** Opening PROVIDED RECORDS block **

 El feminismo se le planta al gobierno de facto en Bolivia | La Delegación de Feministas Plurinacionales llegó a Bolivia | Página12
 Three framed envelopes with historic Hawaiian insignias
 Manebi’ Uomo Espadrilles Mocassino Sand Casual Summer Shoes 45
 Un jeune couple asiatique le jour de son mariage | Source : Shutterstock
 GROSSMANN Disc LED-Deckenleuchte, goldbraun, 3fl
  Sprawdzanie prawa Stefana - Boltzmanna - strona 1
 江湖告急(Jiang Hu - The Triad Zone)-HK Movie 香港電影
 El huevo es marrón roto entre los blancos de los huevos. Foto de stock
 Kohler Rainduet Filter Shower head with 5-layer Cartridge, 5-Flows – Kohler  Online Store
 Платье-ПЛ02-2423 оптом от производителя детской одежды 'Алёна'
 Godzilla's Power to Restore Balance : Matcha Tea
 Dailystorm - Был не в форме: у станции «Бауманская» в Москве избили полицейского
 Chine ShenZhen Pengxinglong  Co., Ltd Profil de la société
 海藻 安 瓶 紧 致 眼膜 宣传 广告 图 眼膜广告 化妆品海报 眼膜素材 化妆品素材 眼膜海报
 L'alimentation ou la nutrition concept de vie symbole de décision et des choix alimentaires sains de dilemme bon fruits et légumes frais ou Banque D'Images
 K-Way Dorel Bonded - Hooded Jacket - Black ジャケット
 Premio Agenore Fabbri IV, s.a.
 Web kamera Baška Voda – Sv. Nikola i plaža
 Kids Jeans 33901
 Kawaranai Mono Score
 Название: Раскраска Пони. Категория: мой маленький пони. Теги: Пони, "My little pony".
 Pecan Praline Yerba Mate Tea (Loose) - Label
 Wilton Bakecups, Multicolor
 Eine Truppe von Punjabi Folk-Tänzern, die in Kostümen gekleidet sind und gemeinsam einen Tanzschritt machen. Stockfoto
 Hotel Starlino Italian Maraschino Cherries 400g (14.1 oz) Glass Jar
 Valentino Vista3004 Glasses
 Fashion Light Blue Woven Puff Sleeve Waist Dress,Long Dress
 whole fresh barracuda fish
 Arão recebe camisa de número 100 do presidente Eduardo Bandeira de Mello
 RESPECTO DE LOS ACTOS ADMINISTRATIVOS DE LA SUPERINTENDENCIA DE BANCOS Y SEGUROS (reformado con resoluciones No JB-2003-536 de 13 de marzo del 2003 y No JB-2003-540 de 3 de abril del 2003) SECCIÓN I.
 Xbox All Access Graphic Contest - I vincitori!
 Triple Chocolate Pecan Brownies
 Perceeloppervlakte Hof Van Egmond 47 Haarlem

** Closing PROVIDED RECORDS block **

- **INSTRUCTIONS TO FOLLOW**
Beginning at the line above that contains "Платье-ПЛ02-2423 оптом от", return each line exactly through the line that contains "海藻 安 瓶 紧 致 眼膜", and no others.

- **EXERCISE SOLUTION**
 Платье-ПЛ02-2423 оптом от производителя детской одежды 'Алёна'
 Godzilla's Power to Restore Balance : Matcha Tea
 Dailystorm - Был не в форме: у станции «Бауманская» в Москве избили полицейского
 Chine ShenZhen Pengxinglong  Co., Ltd Profil de la société
 海藻 安 瓶 紧 致 眼膜 宣传 广告 图 眼膜广告 化妆品海报 眼膜素材 化妆品素材 眼膜海报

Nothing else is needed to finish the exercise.